ASSIGNMENT — Please print exactly the lines from the one containing "Dovetail Grey Wedding" through the last line of the records, and only those. Leave out any pictures.

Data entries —
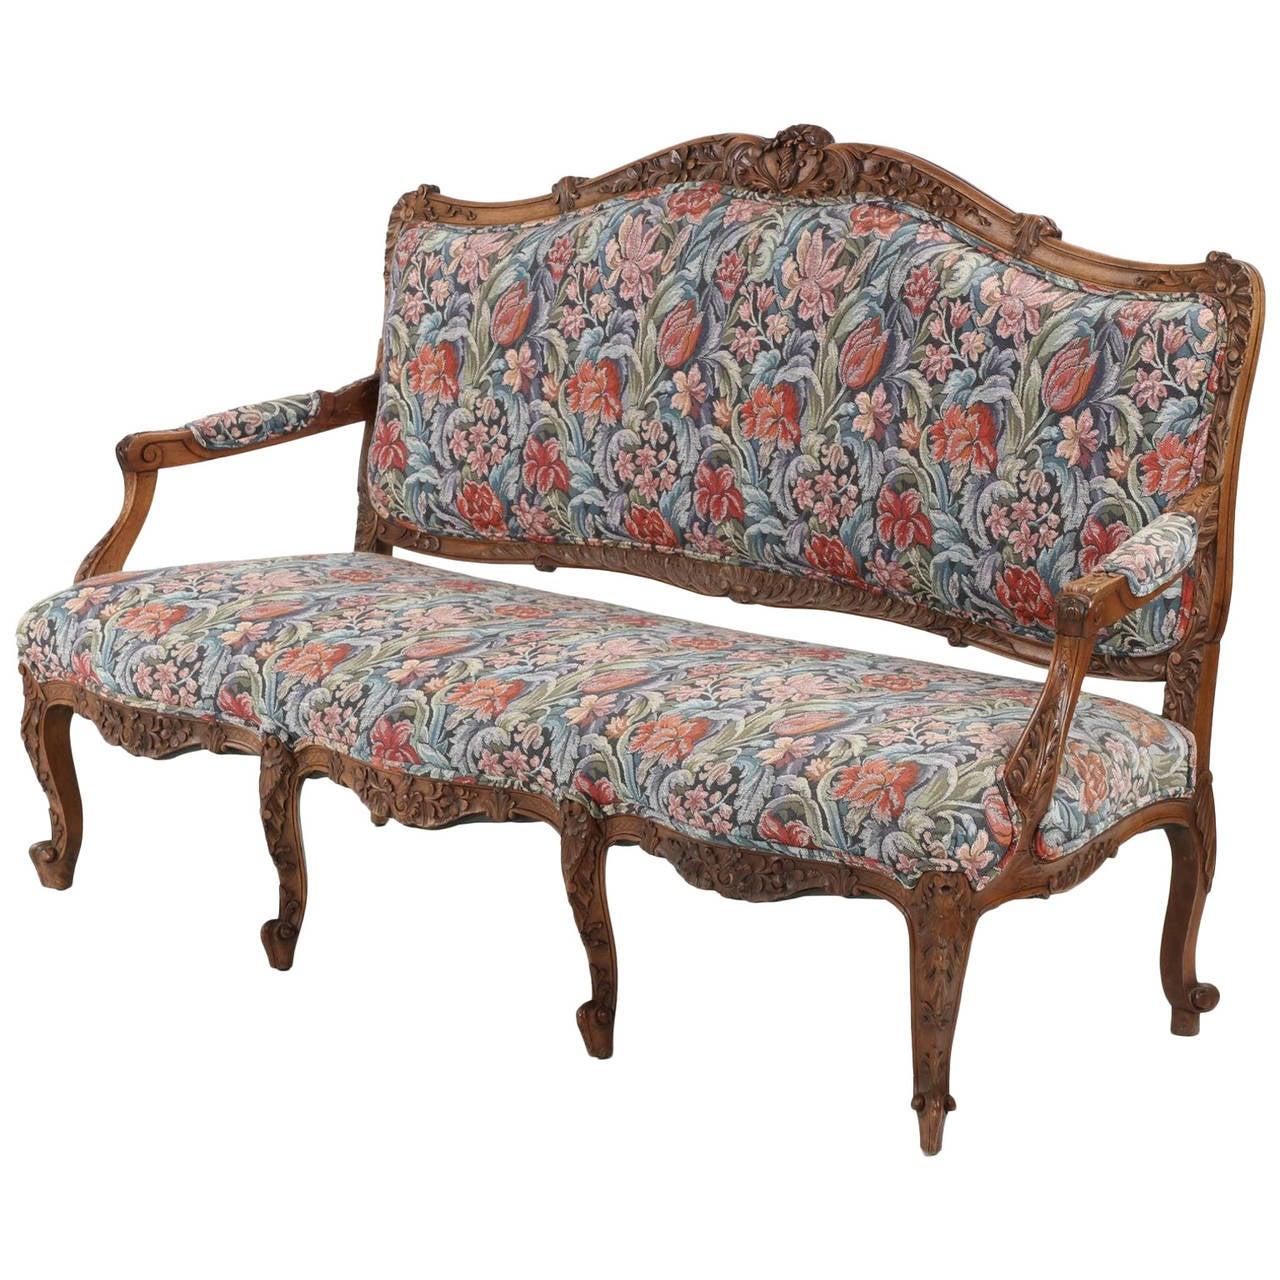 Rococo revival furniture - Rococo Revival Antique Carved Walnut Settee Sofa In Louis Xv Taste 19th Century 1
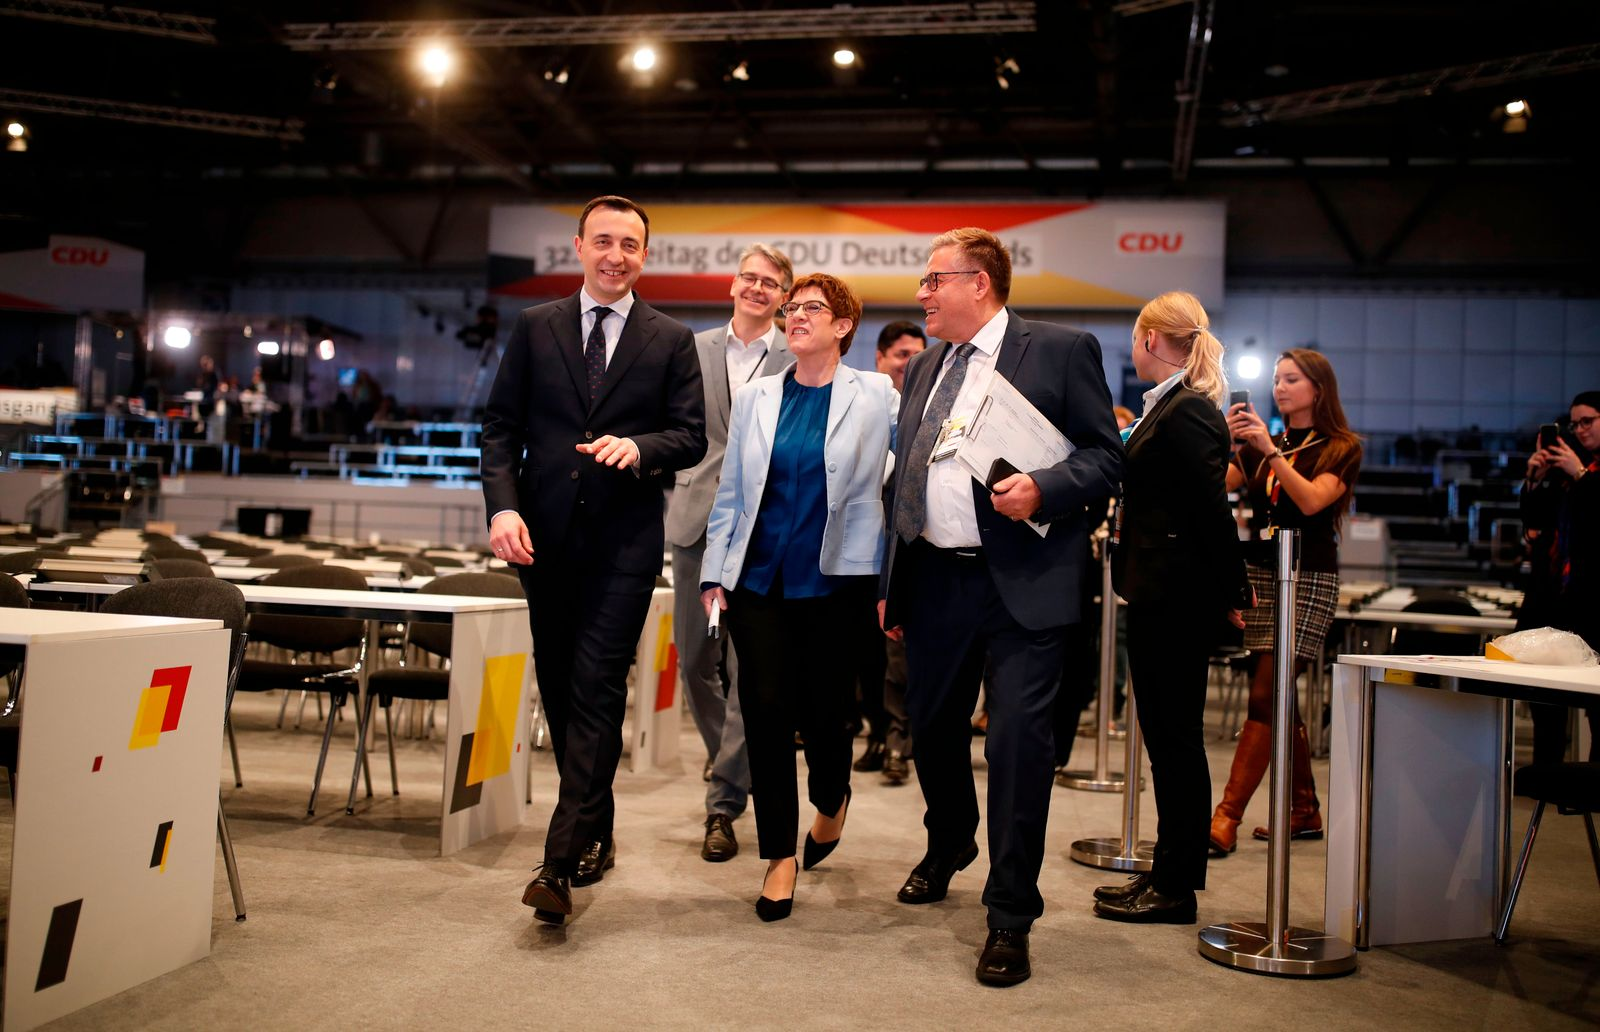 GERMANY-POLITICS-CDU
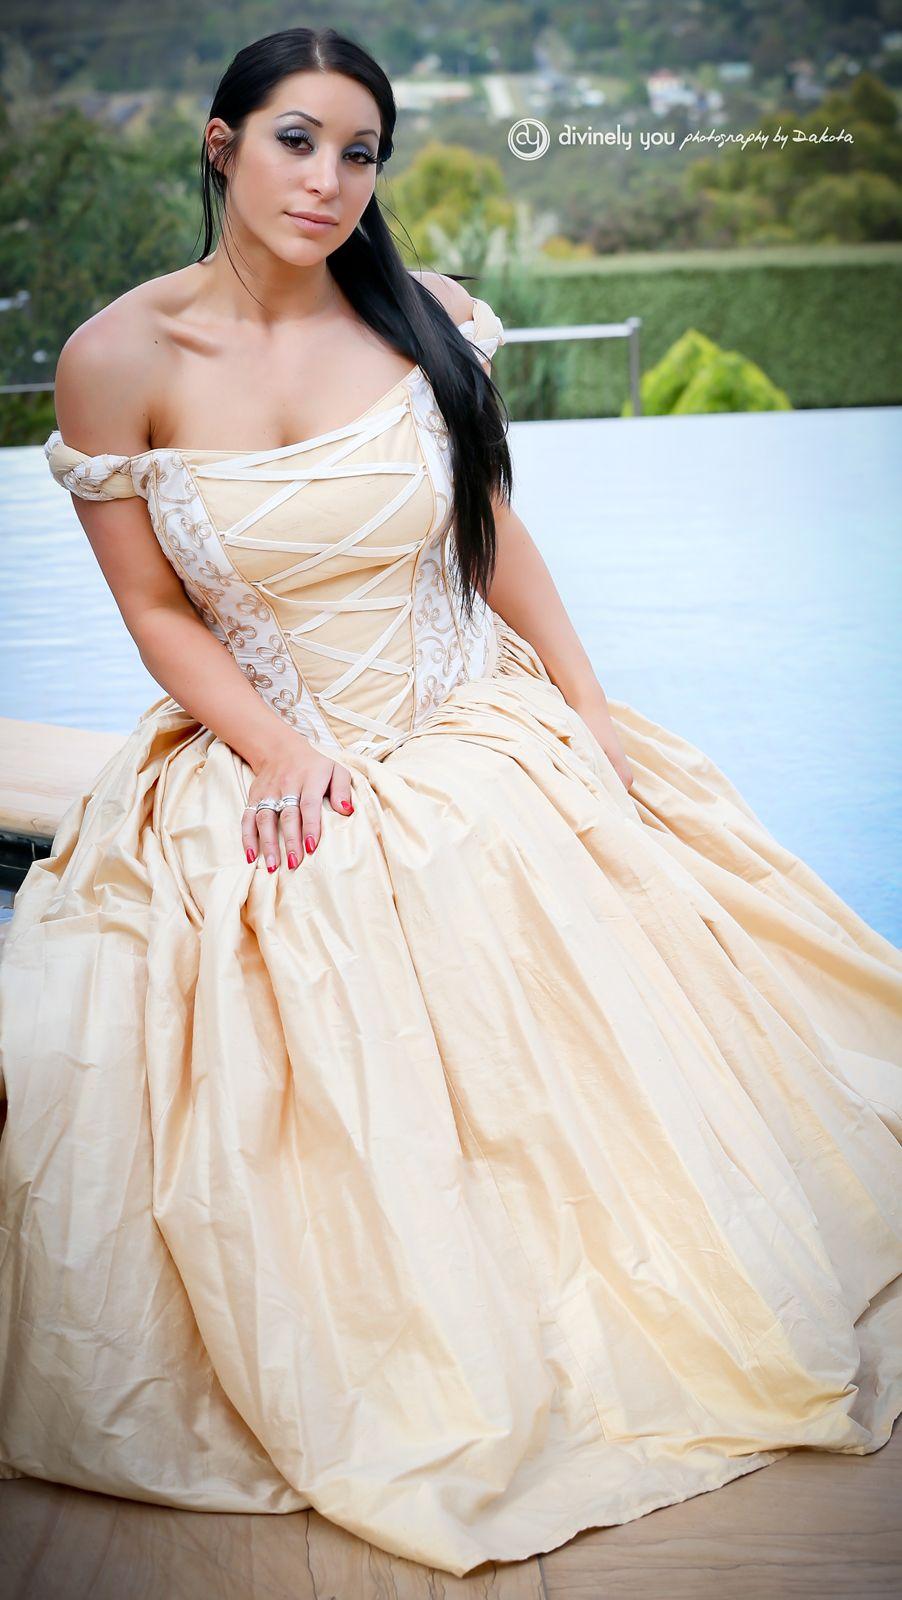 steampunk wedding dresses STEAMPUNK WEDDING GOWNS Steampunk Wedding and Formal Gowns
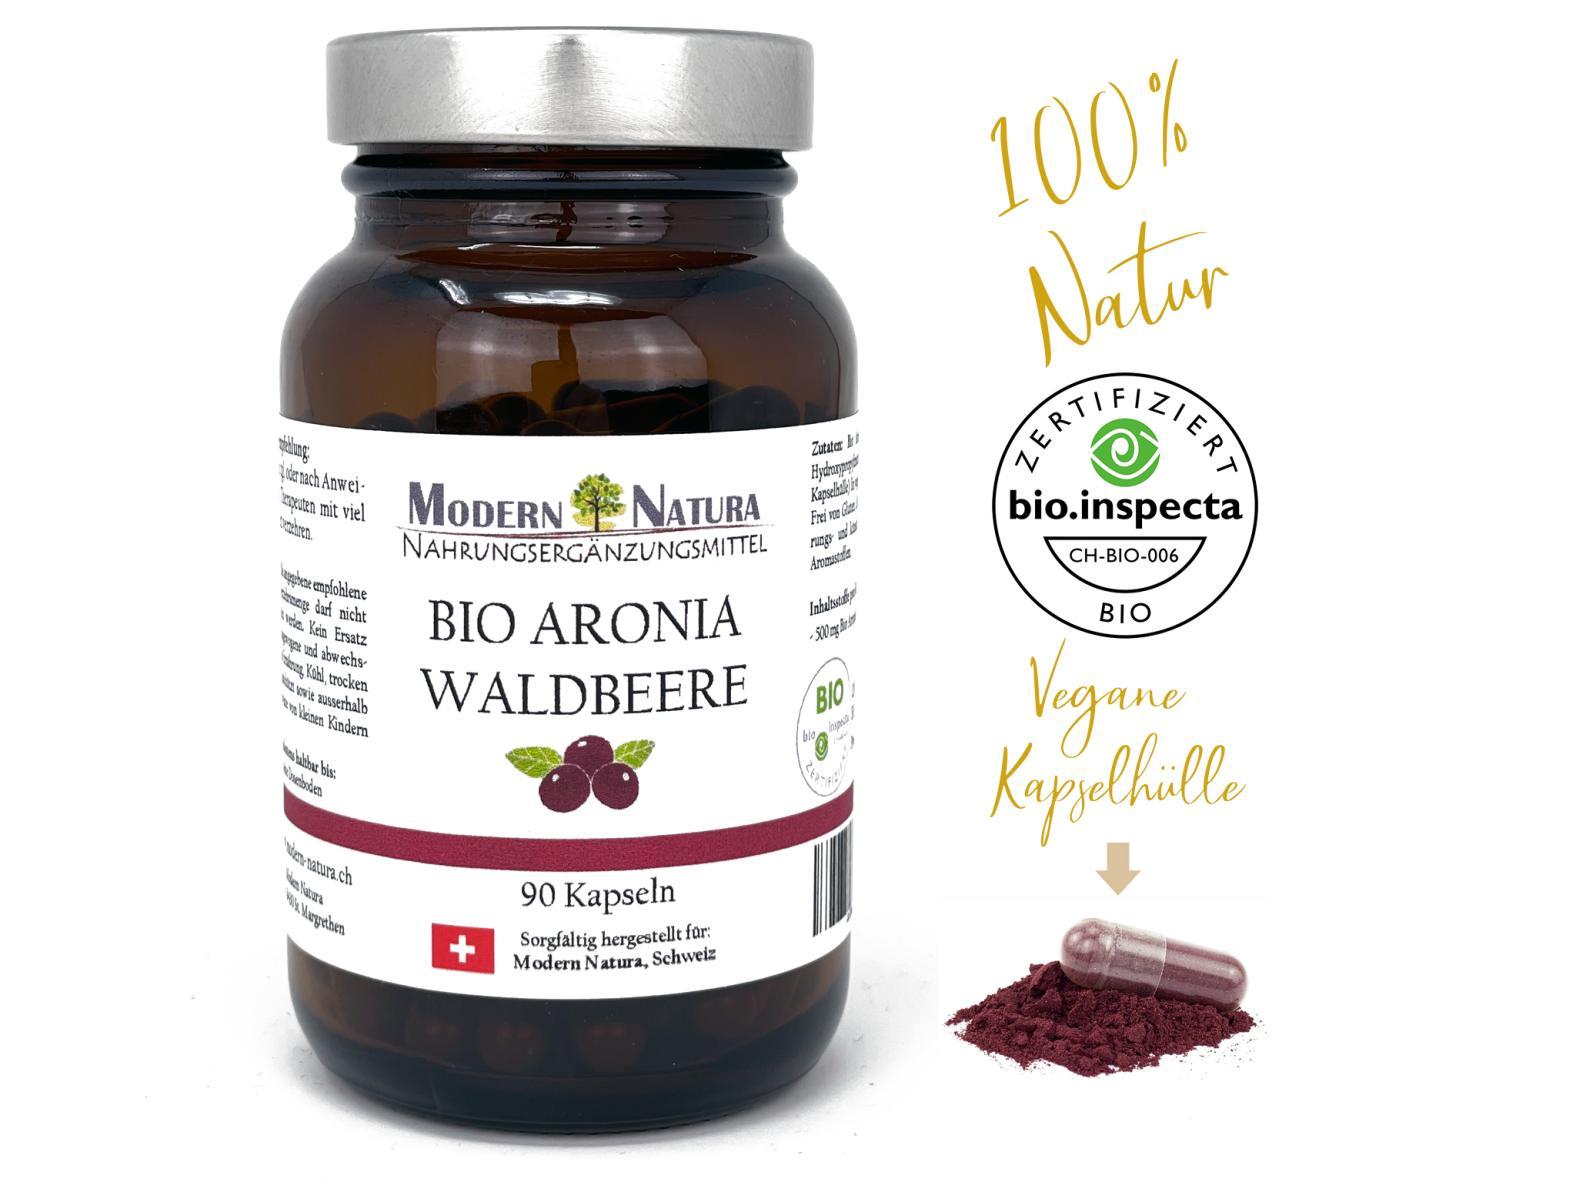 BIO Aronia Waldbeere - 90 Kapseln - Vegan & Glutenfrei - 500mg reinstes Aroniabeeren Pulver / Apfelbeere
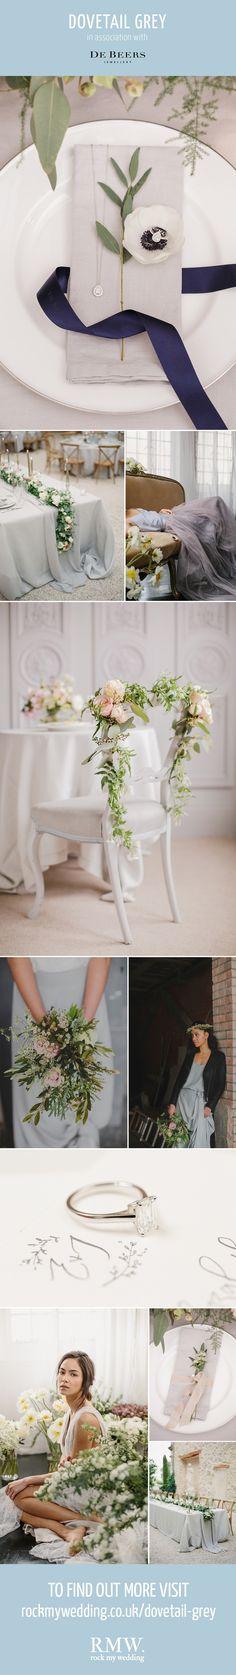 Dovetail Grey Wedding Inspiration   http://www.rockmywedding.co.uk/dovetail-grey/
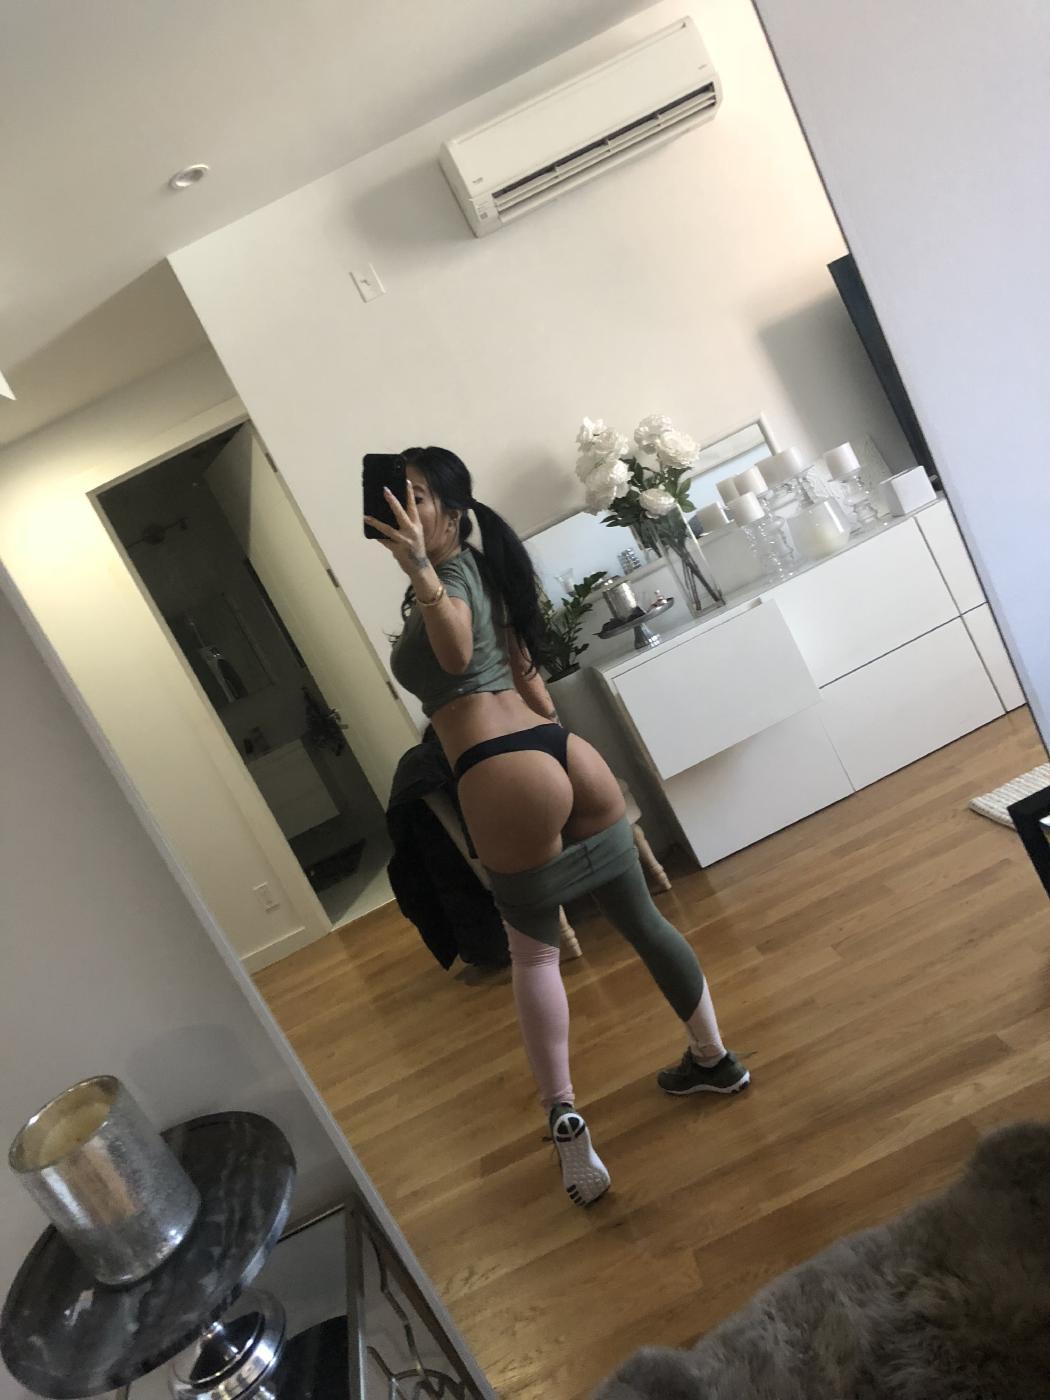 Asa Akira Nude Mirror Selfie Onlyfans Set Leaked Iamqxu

ANSWER BOX —
 Dovetail Grey Wedding Inspiration   http://www.rockmywedding.co.uk/dovetail-grey/
 Asa Akira Nude Mirror Selfie Onlyfans Set Leaked Iamqxu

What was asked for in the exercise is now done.